Greek astrologers changed the names of Pleiades, Praesepe, Spica, and Capricornus to Cancer, Taurus, Virgo, and Capricorn and so they have remained to this day. Each constellation was assigned to a god or hero and special significance attached to each zodiac sign based on the strengths or magic of its namesake.

The Greeks placed enormous importance on the day of one’s birth, and with the new constellations it was now possible to determine the strengths of the person at birth and perhaps prepare their parents and then it was hoped the individual himself for the challenges ahead by knowing which god or hero would be their protector. The Greeks came to believe that a person’s life was pre-ordained and that every major event could be predicted thru knowledge of horoscopes.



Modern astrology is mostly erived from the writings of the Greek astronomer and mathmetician Ptolomy, no relation that we know of to the Egyptian pharoahs of the same name although he was head librarian at Alexandria’s great library and so had access to all of the civilized world’s writings on the passage of the celestial bodies. His four volume work on astrology, the Tetrabiblos, described everything about astrology known to the ancient Greeks.

Subsequent Roman and Arabic knowledge of astrology is directly descended from Ptolemy’s writings. The Romans were less interested in astrology than the Greeks and medieval people, tending to disagree that a person’s life was preordained and instead preferring to place their fate in the hands of the gods and their own actions.

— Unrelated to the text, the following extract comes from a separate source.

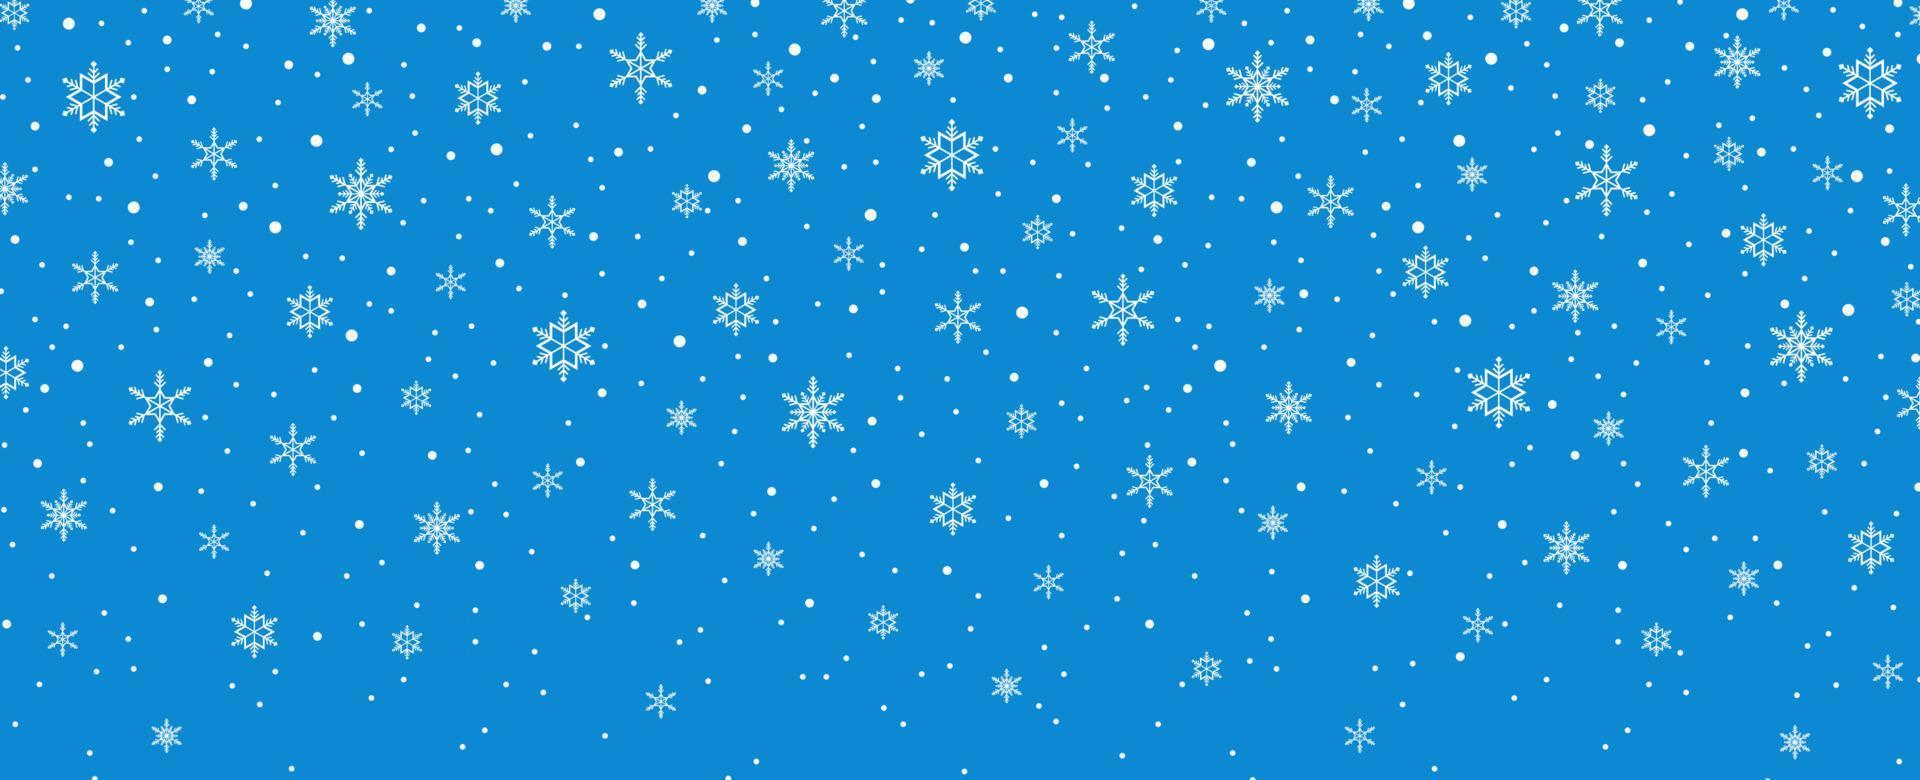 Feliz navidad, copos de nieve y fondo de nevadas. vector

After the fall of the Roman Empire medieval society reverted to local folklore and astrology was lost to western society until the Arab world rediscovered Ptolomy’s writings around the turn of the first millennium. Astrology was largely unchanged from Greek times into the renaissance period despite disappearing from daily use for several hundred years. Protestant and puritan Christians rejected astrology as un-Christian, but in Catholic parts of Europe the signs of the zodiac and horoscopes were often identified with the power of the saints.

In the 20th century astrology found new converts in the western world particularly the US where people were seeking more meaning to life as the traditional community based around a local church started to disappear. Astrology was easily adopted by people investigating other faiths such as buddhism, wicca, kaballah and other esoteric traditions. Many tarot readers found great synergy with astrology and have helped to keep the ancient art of astrology alive into the 21st century.